An explanation for the apparent advantages of depression and anxiety on mortality (but not early retirement) in younger decades could also be a ‘healthy presenter’ effect whereby the depressed younger people who attend their doctors are physically healthier than other depressed people who do not. This is in contrast to the inpatient group, where one expects nearly all people with depression of this severity to be included. This assumption requires the established relationships of physical ill-health with depression [33, 4345], and also that between primary-care attendance and depression [46], to be absent, reversed or overwhelmed in the younger part of this sample. Alternatively patients with additional risk factors for early mortality may be more likely to be treated as inpatients than outpatients due to poor physical health, home circumstances, comorbidity with alcohol problems, and other factors.

Another source of error may be the control group. In the group of people who had never had a any time off work for depression and anxiety may be people who are avoidant of healthcare in general. These individuals may suffer increased mortality later in life because of this rather than their ‘non-diseased’ status.

Participation biases

As a result of the social structure of the employees insured by the AOK, the insured individuals as a whole differ from the general population with regard to social status and disease burden [47]. Occupations involving simple manual jobs and individuals with a low to moderate level of education were predominant. With regard to gender distribution, there is a slight displacement in favour of men in the sample. In the working population, the ratio of men to women in the period of data collection was 60:40 [26]. The former effect is likely to cause an underestimate of any association because of the observation that low social status is accompanied by an increased disease burden and resulting disability pension award. Further, our estimates are consistent with the literature, though they are not always significant [48, 49]. Another weakness is that this study did not include people who were unemployed, as they were not included in the study sample. These people were excluded, because they were not obliged to present a medical certificate if taken ill, so no diagnostic data were available.

Information biases

Is unknown to what extent doctors did not issue a depressive/anxiety diagnoses during sick leave for fear of stigmatization of the patient, or whether this was differential by gender [31]. There may therefore have been cases which were not detected by our methods, but the prevalence of being depressed in this sample was 2.4% for men and 5,3% for women, suggesting not many cases were missed, taking into account the low prevalence of psychiatric disorders expected in a working population. Nonetheless many depressive symptoms are missed in primary care [5], and it is likely that the we missed some cases of mild disorder. This may have caused us to overestimate the effects because of the under-representation of the milder cases of disorder, which presumably are less related to the outcomes.

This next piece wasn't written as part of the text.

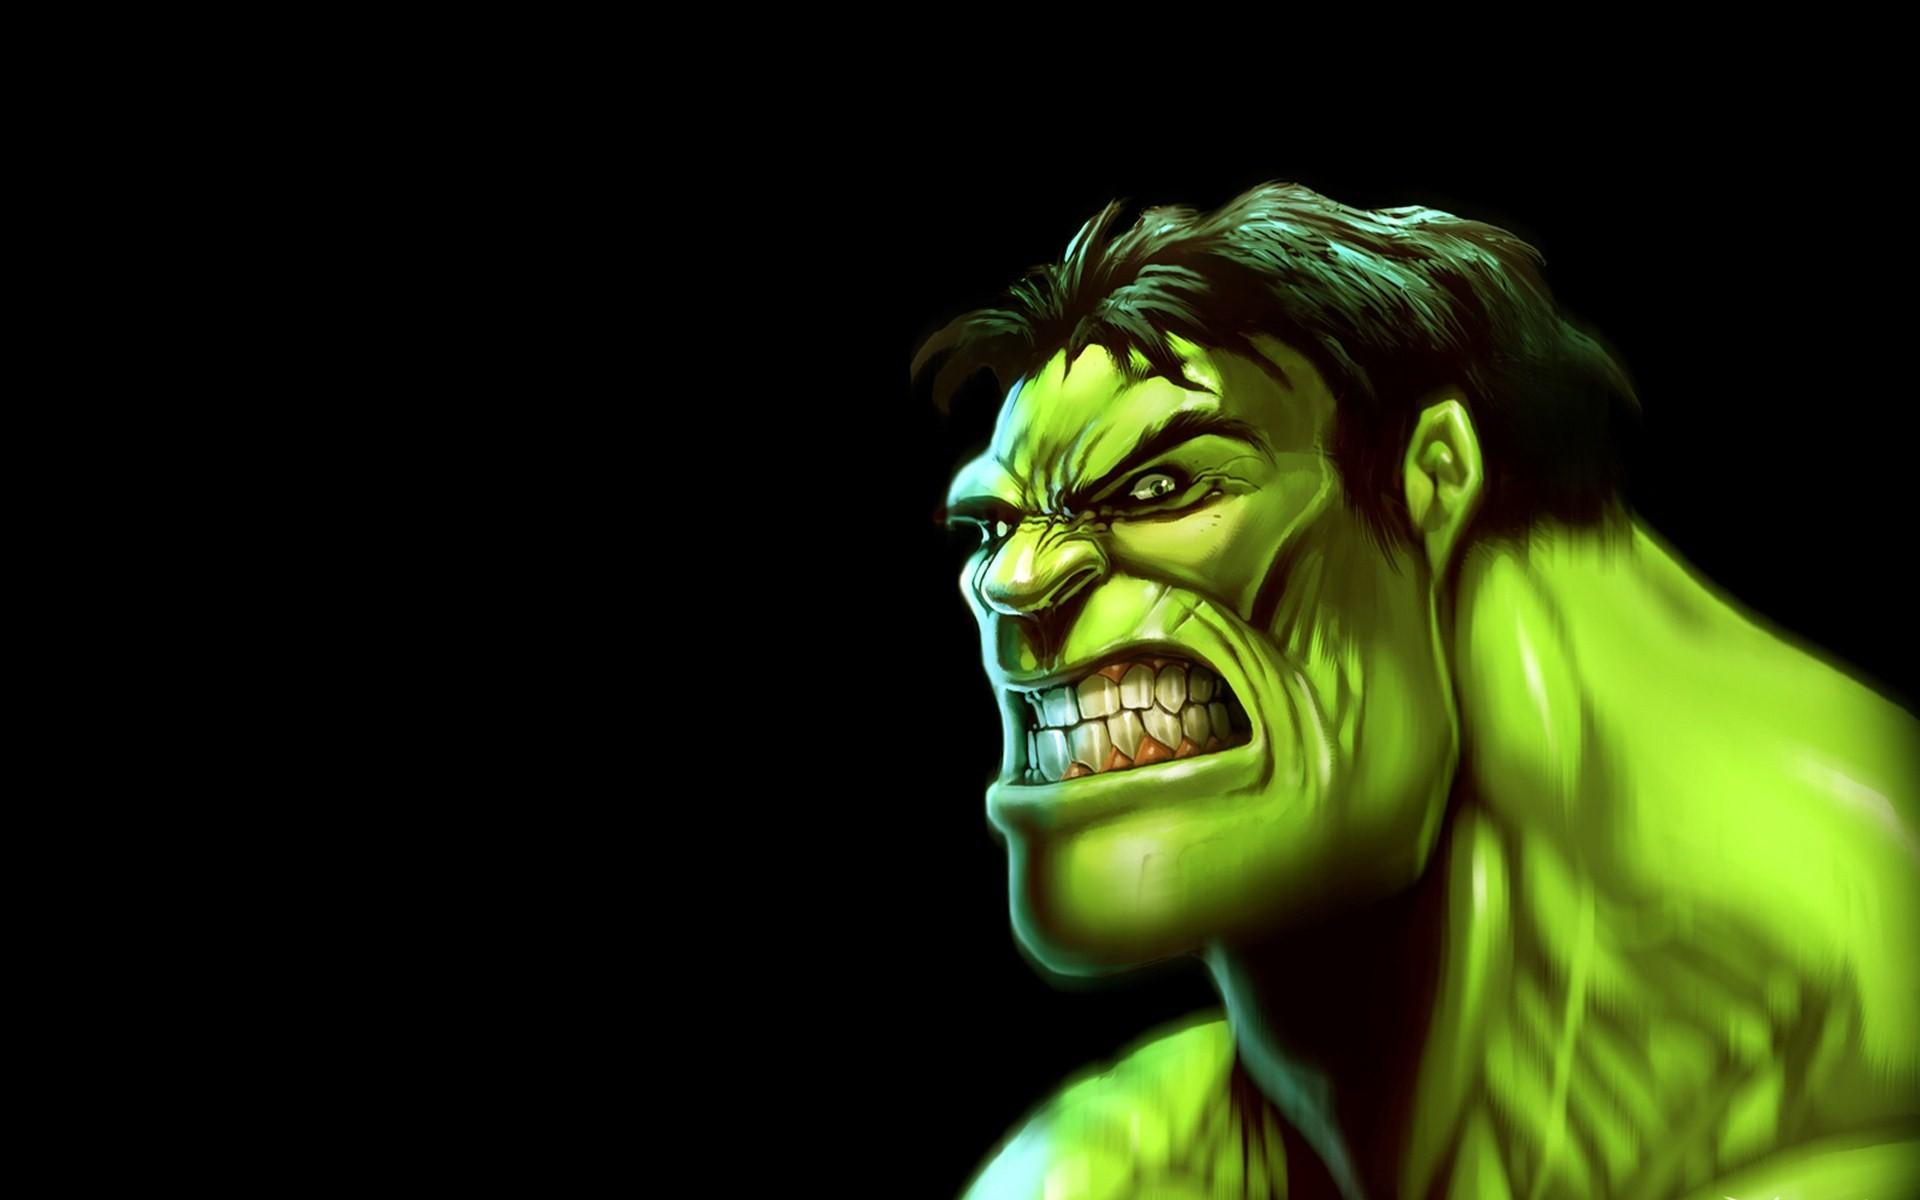 … Wallpaper Hulk Wallpaper

Limitations of secondary data analysis and statistical power

Given case numbers in the hundreds of thousands, it became clear in this study that due to restriction and low event frequency the individual categories quickly became so small that further stratification was not appropriate. Another disadvantage was that, as is inevitable in a cohort study, causation cannot be determined unequivocally from the dataset because of residual or unconsidered confounding.

An intrinsic problem of secondary data analysis of statutory health insurance data is that different doctors have different thresholds for applying the same diagnostic code [50]. Although inpatient treatments and work incapacity diagnoses have been an inherent part of health reporting for many years, diagnostic quality can only be regarded as sufficient on the level of large disease entities [51]. Thus we used large disease entities as the exposure measures for this study.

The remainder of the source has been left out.